---------- Supplied material ----------

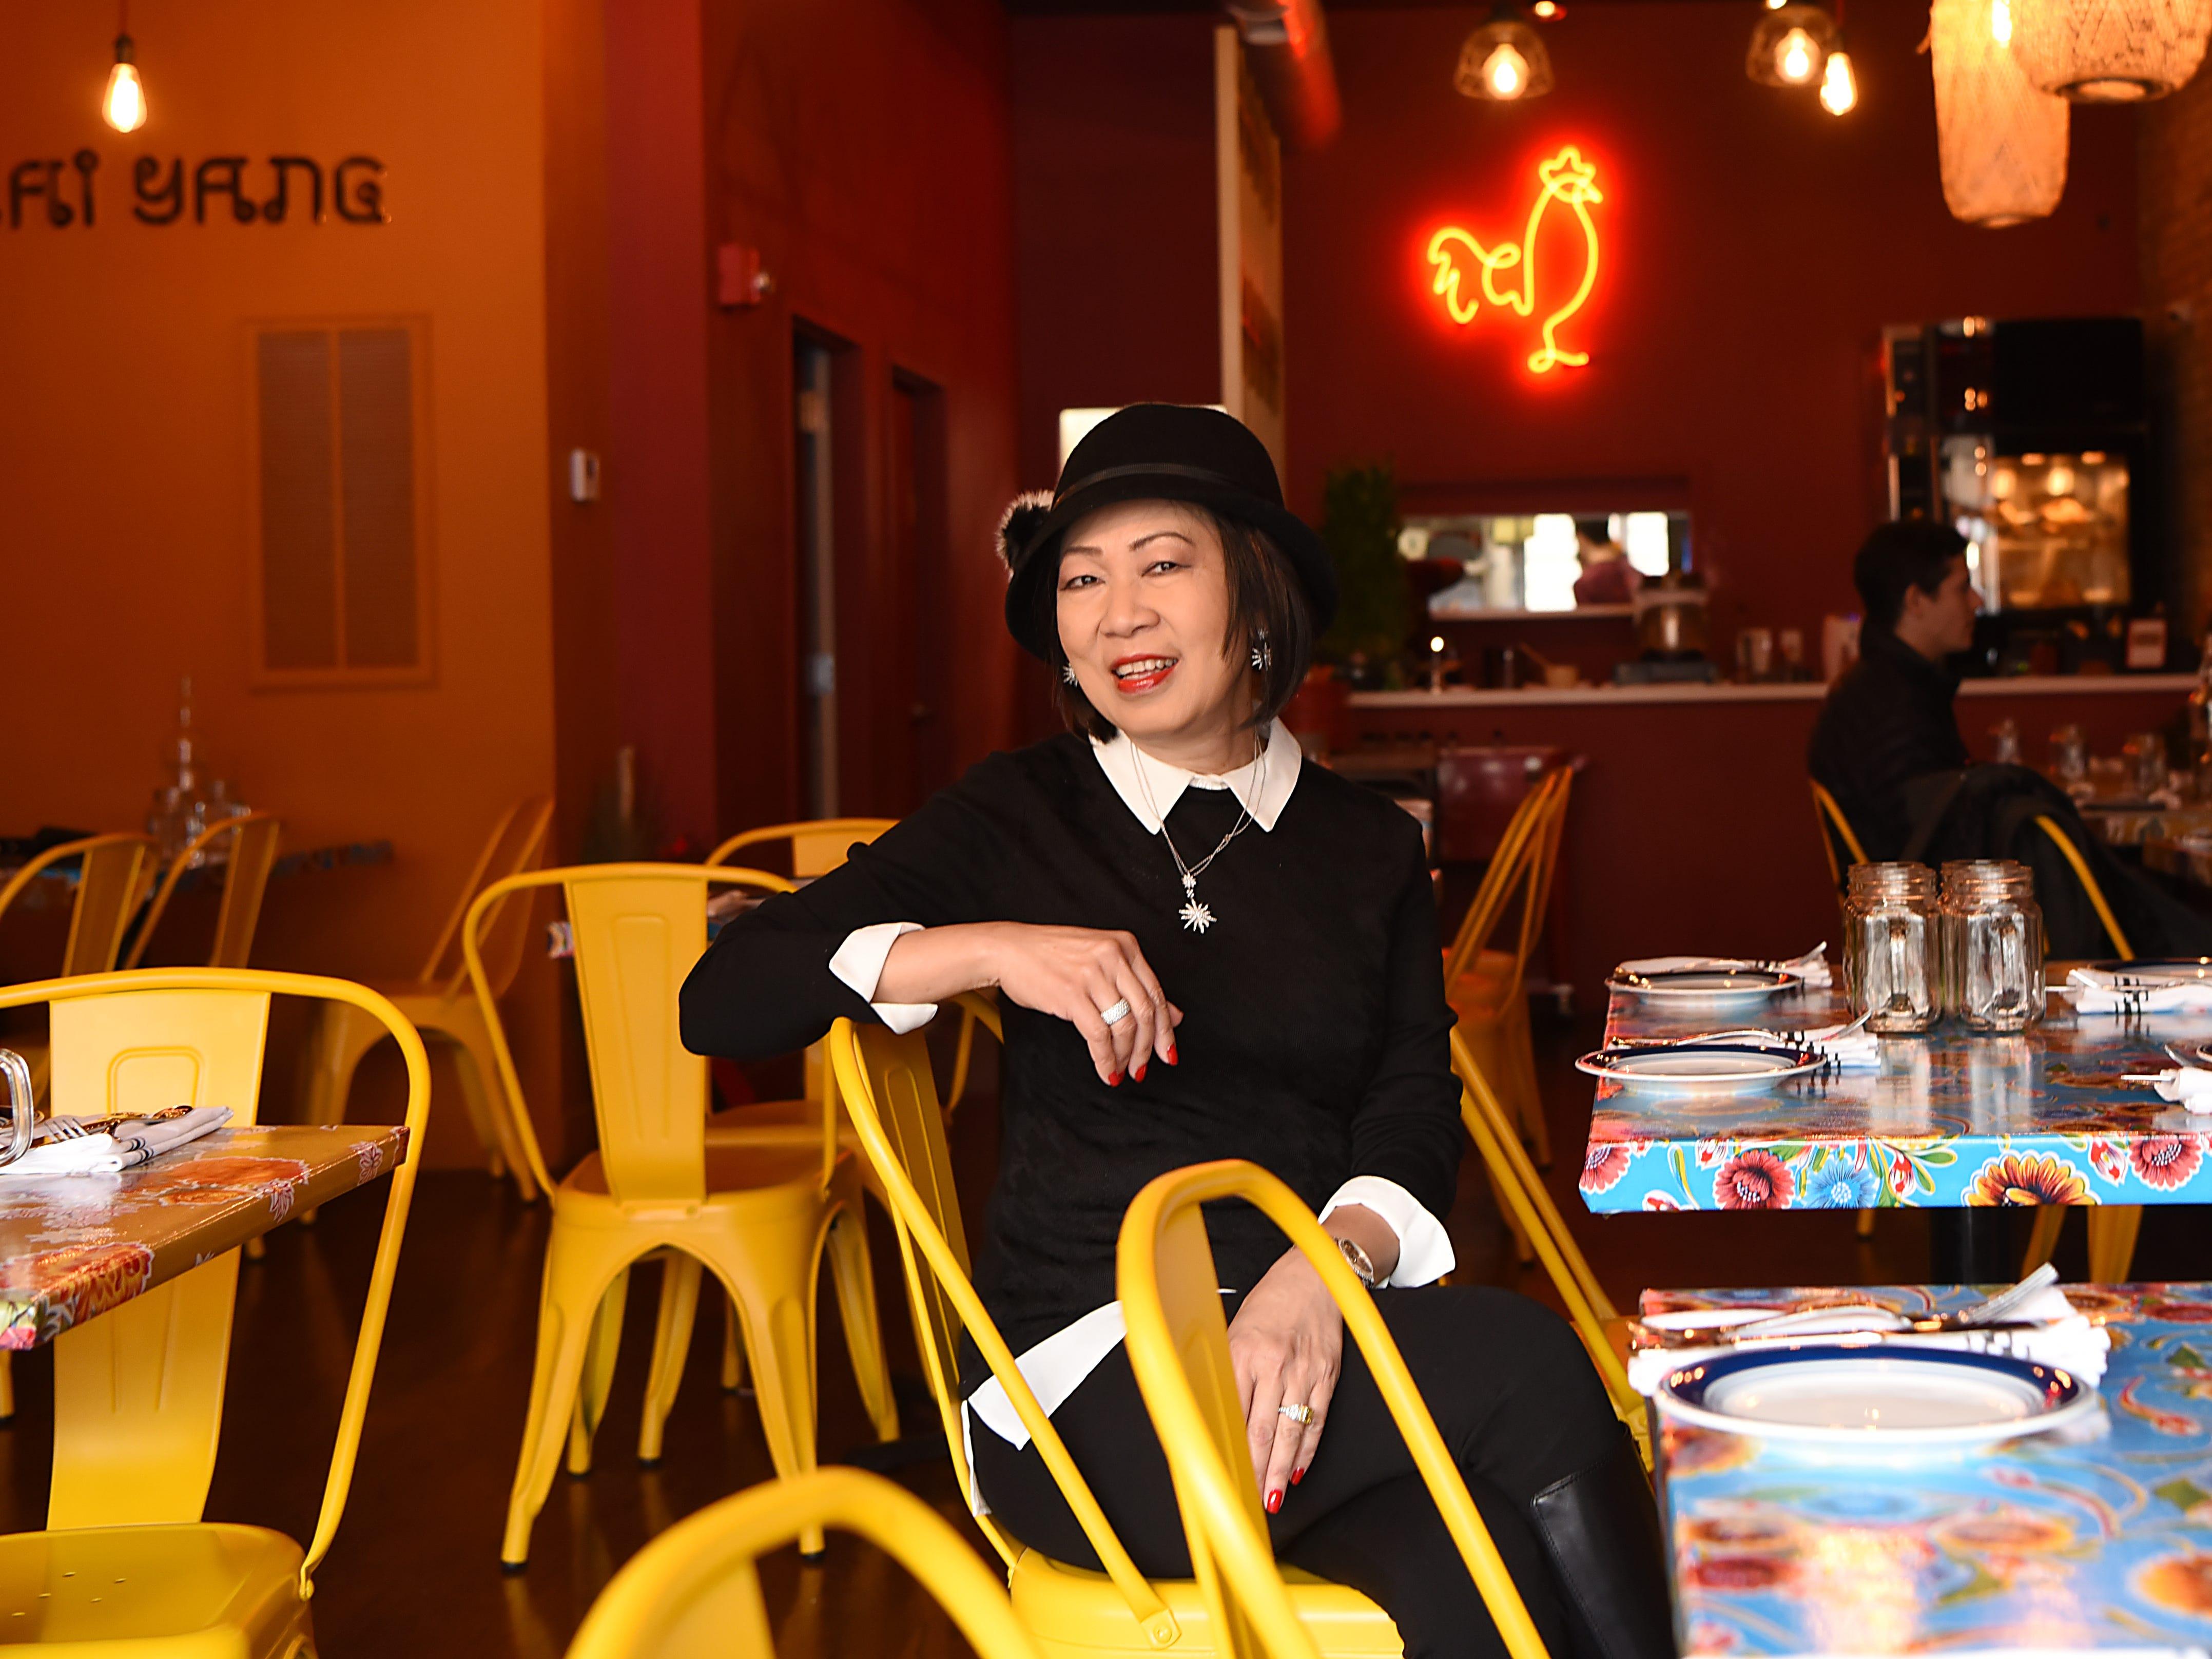 Sheree Sarabhaya and her son Luck Sarabhayavinija both own restaurants on Bloomfield Avenue in Montclair. Sheree Sarabhaya owner of Kai Yang, poses for photos on Thursday December 20, 2018.
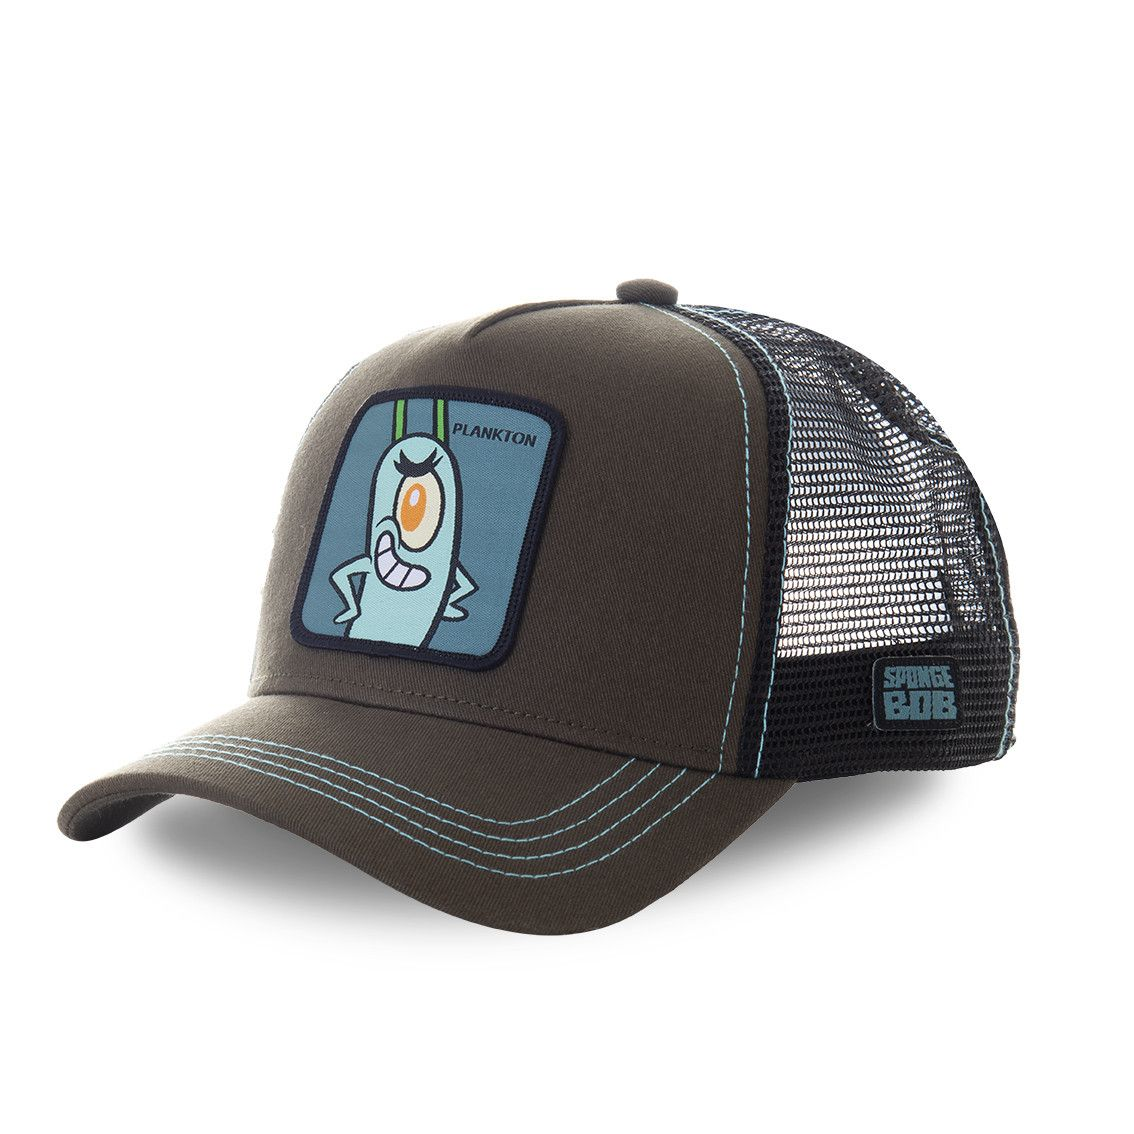 Casquette trucker capslab bob l'éponge plankton
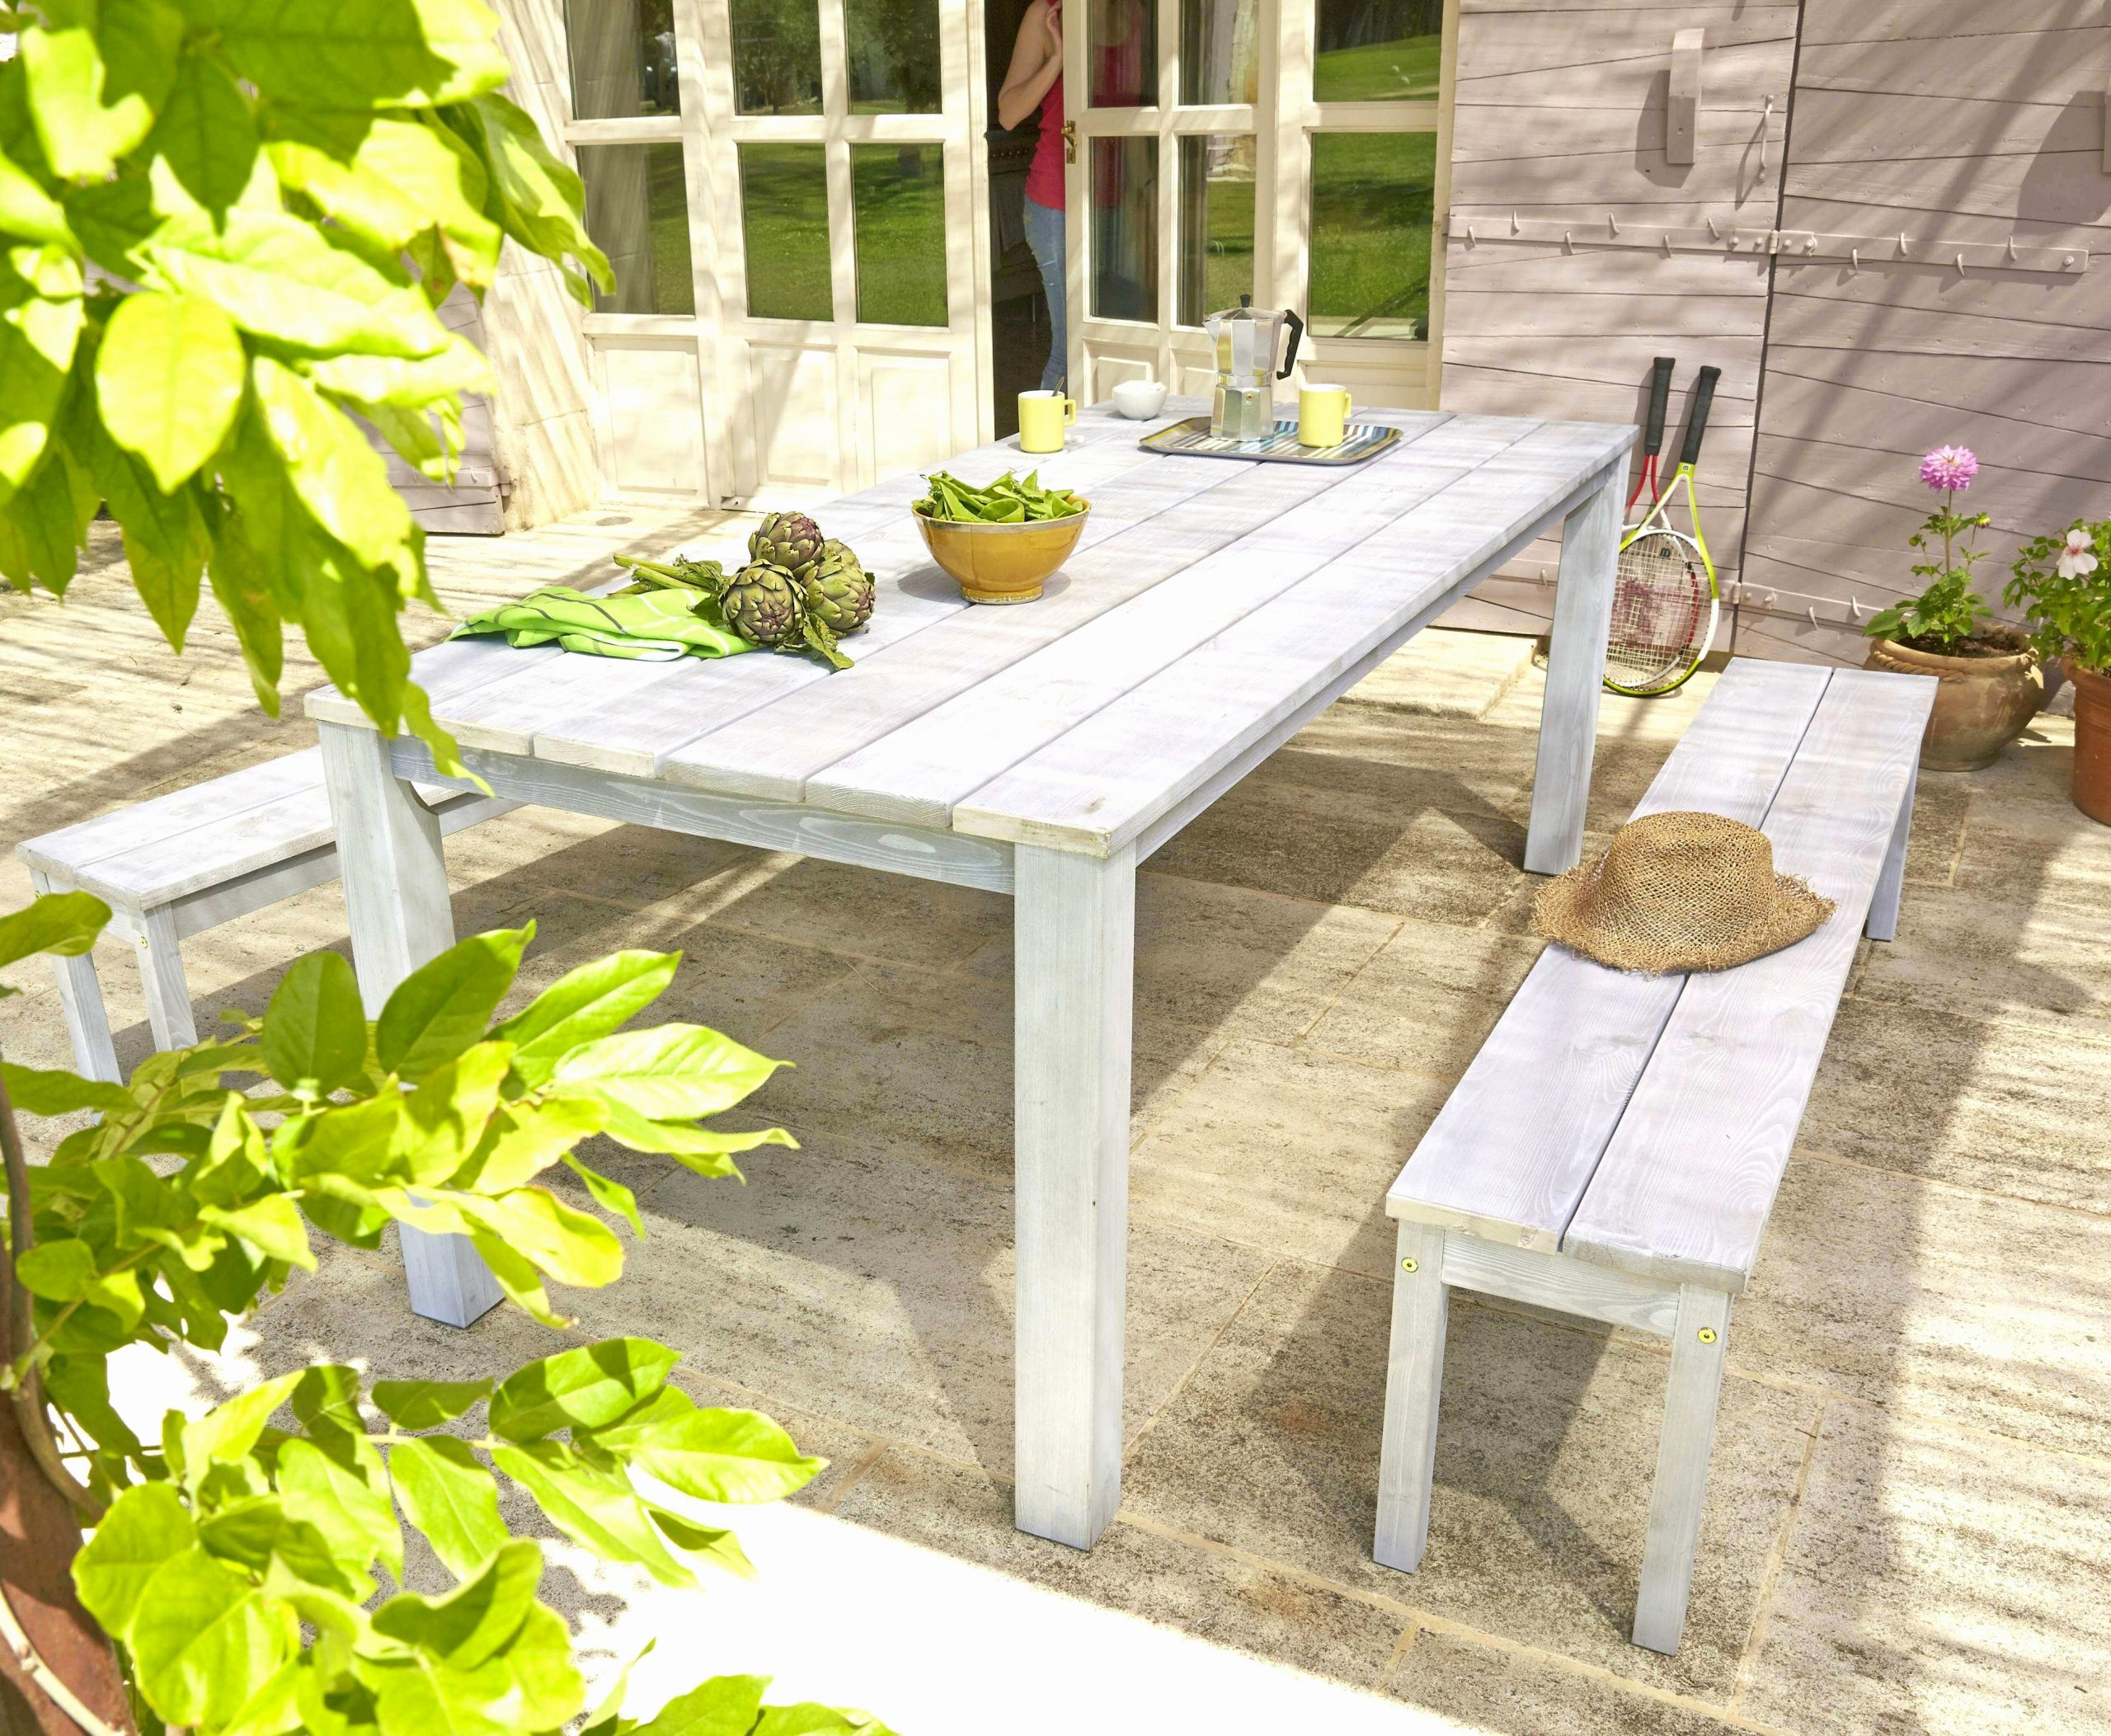 Salon De Jardin Intermarche 2018 Luxe Inspirational ... pour Intermarché Table De Jardin

----------

Try it - Reproduce the listing exactly, but omit every picture in it.

Solution to the exercise -
 Sheree Sarabhaya and her son Luck Sarabhayavinija both own restaurants on Bloomfield Avenue in Montclair. Sheree Sarabhaya owner of Kai Yang, poses for photos on Thursday December 20, 2018.
 Casquette trucker capslab bob l'éponge plankton
 Salon De Jardin Intermarche 2018 Luxe Inspirational ... pour Intermarché Table De Jardin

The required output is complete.